Lacking large reserves of US currency, the ECB had nothing to help. So the Fed created swap lines that allowed the ECB and central banks from four other countries – Switzerland, Britain, Japan and Canada – to offer dollars in local markets. The Fed has effectively turned other central banks into branches, thus extending the momentum of the dollar offshore segment.

After the crisis, there was a public debate about whether the Fed should abandon these “emergency” measures on the vital issue of their responsibility for offshore dollar markets. The shock of COVID-19 unexpectedly clarified this issue.

In the middle of Mrat, panic broke out again in the offshore dollar markets. Fed responded and even doubled the stakes. First, they reactivated swap deals with the five original central banks. They then added 9 players, including Mexico and Brazil. Finally, they added a buy-back option that allows entities outside the 14-member club to exchange assets such as government bonds for dollars.

This extended safety net is not exhaustive. Countries with emerging markets without large government securities, such as Turkey, remain isolated. And using the repo program is expensive, with few using it for obvious reasons. But 10 of the club’s 14 swap members have taken in $ 446 billion. In addition, the program has been extremely successful in its quest to calm markets. In mid-March, borrowers in euros and yen had to pay an additional 200 and 250 basis points, respectively, to borrow dollars; by the end of Aryl, this gap was only 30-50 basis points.

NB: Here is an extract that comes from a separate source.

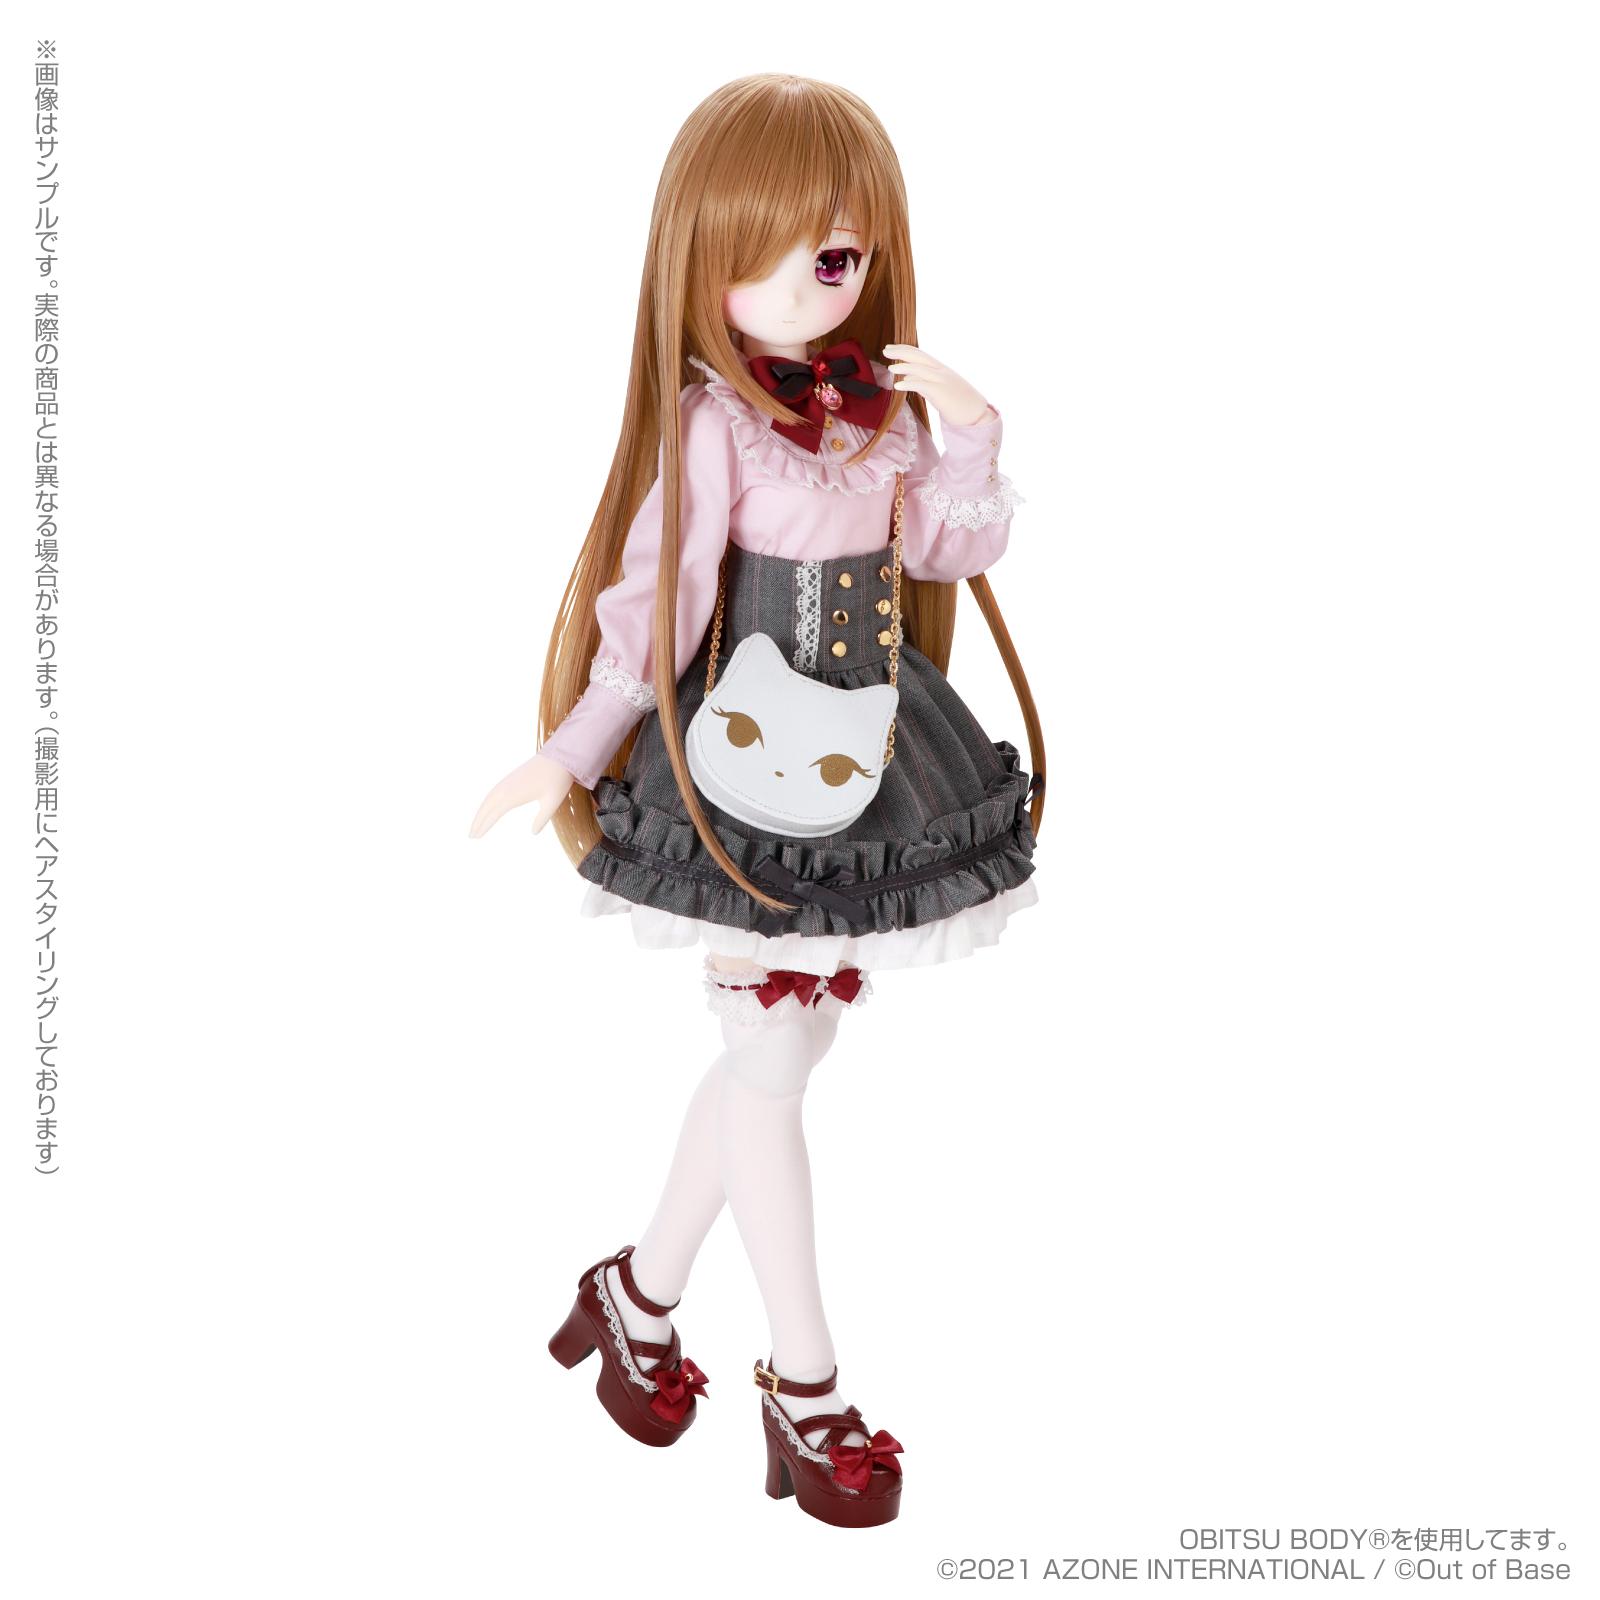 【再販】Iris Collect petit『すずね/~Wonder fraulein~Goth×Loli cats(通常販売ver.)』アイリスコレクト プチ 1/3 完成品ドール-017

This is good news for financial players outside the United States. It also brings an unexpected geopolitical turn.

Since 2008, major imbalances in offshore dollar markets have migrated from Europe to Japan, with Japanese savers, banks and life insurance companies diving into dollar markets to drive higher returns. Thus, Norinchukin, the agricultural bank, became the largest holder of dollar-denominated loans in the world. Smaller banks, such as Shizuoka, also jumped. At the same time, the needs of Japanese “life insurers for US dollars in the foreign exchange swap market exceed $ 1 ton”

Before the pandemic, these imbalances began to worry Japanese regulators. The Fed’s intervention calmed fears. According to the latest census, the Bank of Japan took more than $ 224 billion from the Fed, much more than $ 143 billion from the ECB, and most likely gave it to dollar-hungry Japanese corporations. In simple language, a secure network is in place.

Will this be maintained after COVID-19? Almost certain: Fed officials and the Treasury increasingly believe that preventing unnecessary dramas in offshore dollar markets is necessary to avoid shocks to domestic dollar markets and the important bond sector.

Call this a new manifestation of American self-interest; or simply an inevitable consequence of financial globalization. In any case, the turning point is this: even if US global leadership is evident in many areas, the Fed’s support for dollar hegemony is not. This could increase the use of the dollar after the COVID-19 shock, even if countries like China hate the idea.

Source: Financial Times, Federal Reserve

Chart: Used with permission from Bloomberg Finance L.P.